Los gnomos cortaron el cabo que los sujetaba a la carabela y El Señor de las Nubes se remontó en el aire hasta perderse de vista. Kit se acercó a Sturm, que seguía tendido boca abajo, y le dio la vuelta.
—¿Puedes ponerte de pie? ¿Puedes caminar? —voceó, a fin de hacerse oír en el ululante viento. Al asentir él en silencio, la mujer lo ayudó a incorporarse y ambos se dirigieron hacia el alcázar. Sturm se derrumbó sobre el suelo de madera, cerca de la mesa del capitán, y trató de recobrar el aliento. Kitiara recorrió la estancia, cerró los postigos y ajustó con firmeza las troneras.
—¿Te encuentras bien? —le preguntó en la oscuridad.
—Sí.
—¿Se han marchado los gnomos?
—Se vieron forzados a… cortar el cabo para salvar la nave… —Lo interrumpió un lacerante golpe de tos.
La guerrera chasqueó el yesquero que había sobre la mesa y encendió una gruesa vela. La llama temblorosa arrancó destellos fantasmagóricos en la calavera del capitán muerto y Sturm, tras escurrir su empapado pañuelo, cubrió con él el lúgubre cráneo.

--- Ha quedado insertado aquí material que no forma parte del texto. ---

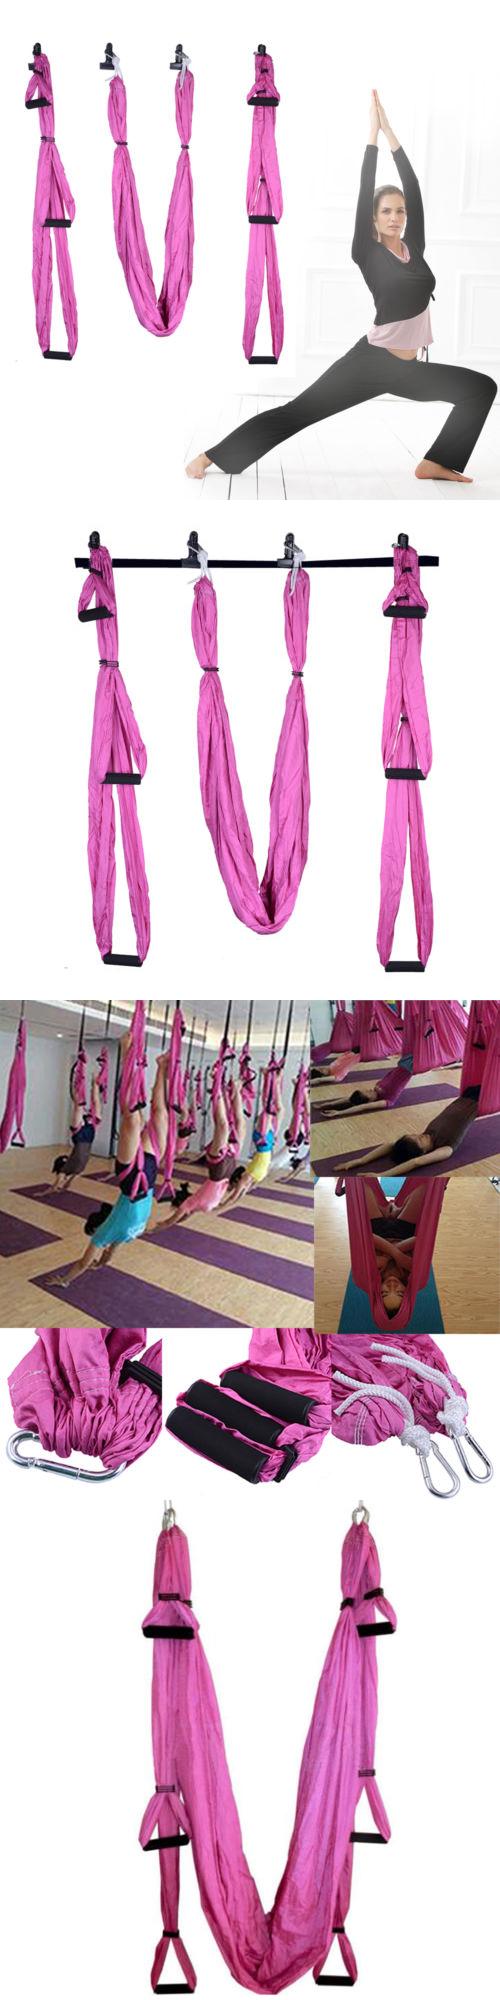 Yoga props large bearing yoga swing sling hammock trapeze
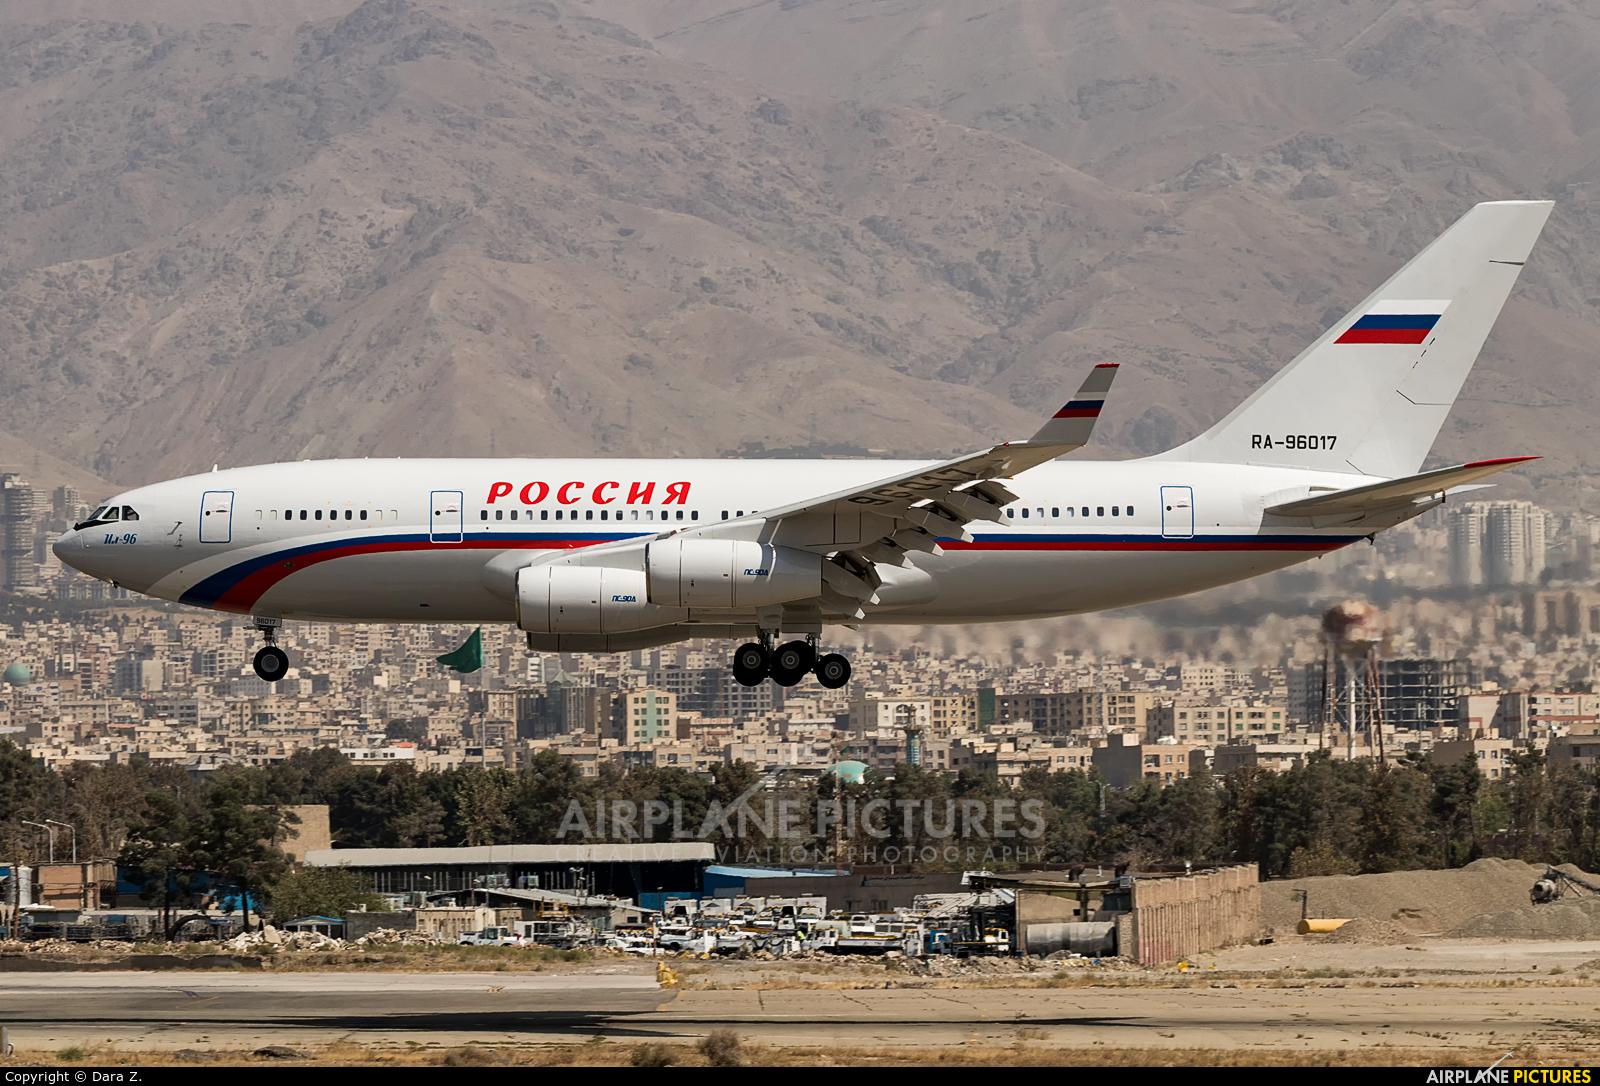 Rossiya RA-96017 aircraft at Tehran - Mehrabad Intl

—¿Se empeñaba en mirarte? —dijo Kitiara sarcástica. La mujer alargó una mano para sujetarse, ya que el suelo subía y bajaba con la regularidad de un balancín. Sturm hizo caso omiso de su comentario y sugirió.
—Tendremos que arriar las velas. Si nos coge un viento racheado, zozobraremos.
—No subiré ahí arriba con este vendaval.
—No es preciso que vengas. Cortaré los estays de las velas bajas. Con seguridad se las llevará el aire, pero con eso será suficiente. —El hombre se dirigió a la puerta de la cabina, con la espada ya desenfundada.
—¡Espera un momento!
Kitiara había encontrado un cabo de amarre en una de las gavetas de la cabina y se acercó al caballero.
—Levanta los brazos —le indicó. Luego rodeó el pecho del hombre con la cuerda y la anudó.
—No se te ocurra darte un chapuzón —le advirtió burlona.
—Procuraré no hacerlo.
Cuando Sturm abrió la puerta, recibió la embestida del ventarrón. Avanzó tambaleante hasta el palo mayor y cercenó los aparejos de la vela con golpes rápidos y precisos. La lona aleteó como algo vivo al quedar libre de la verga. El caballero pasó debajo de la arboladura, se encaminó hacia el palo del trinquete y repitió la misma operación. La nave se desplazó con más suavidad al quedar sólo las gabias y las cebaderas, y Sturm regresó al alcázar.
—Ya no se mueve tanto —comentó Kitiara mientras abría la puerta. Las ropas y el cabello del hombre chorreaban agua.
—¿Qué hacemos ahora?
—Bajemos a explorar —sugirió la guerrera.
—¿Has olvidado el maleficio?
El semblante de Kitiara se tornó tenso.
—No, no lo he olvidado. Pero si lo que hemos visto aquí es un ejemplo de lo que hay a bordo, no me preocupa en exceso. —Acto seguido golpeó levemente la calavera cubierta con el pañuelo. El cráneo se desprendió de las vértebras y cayó sobre la mesa. Quedó boca arriba, las cuencas vacías prendidas con fijeza en los intrusos.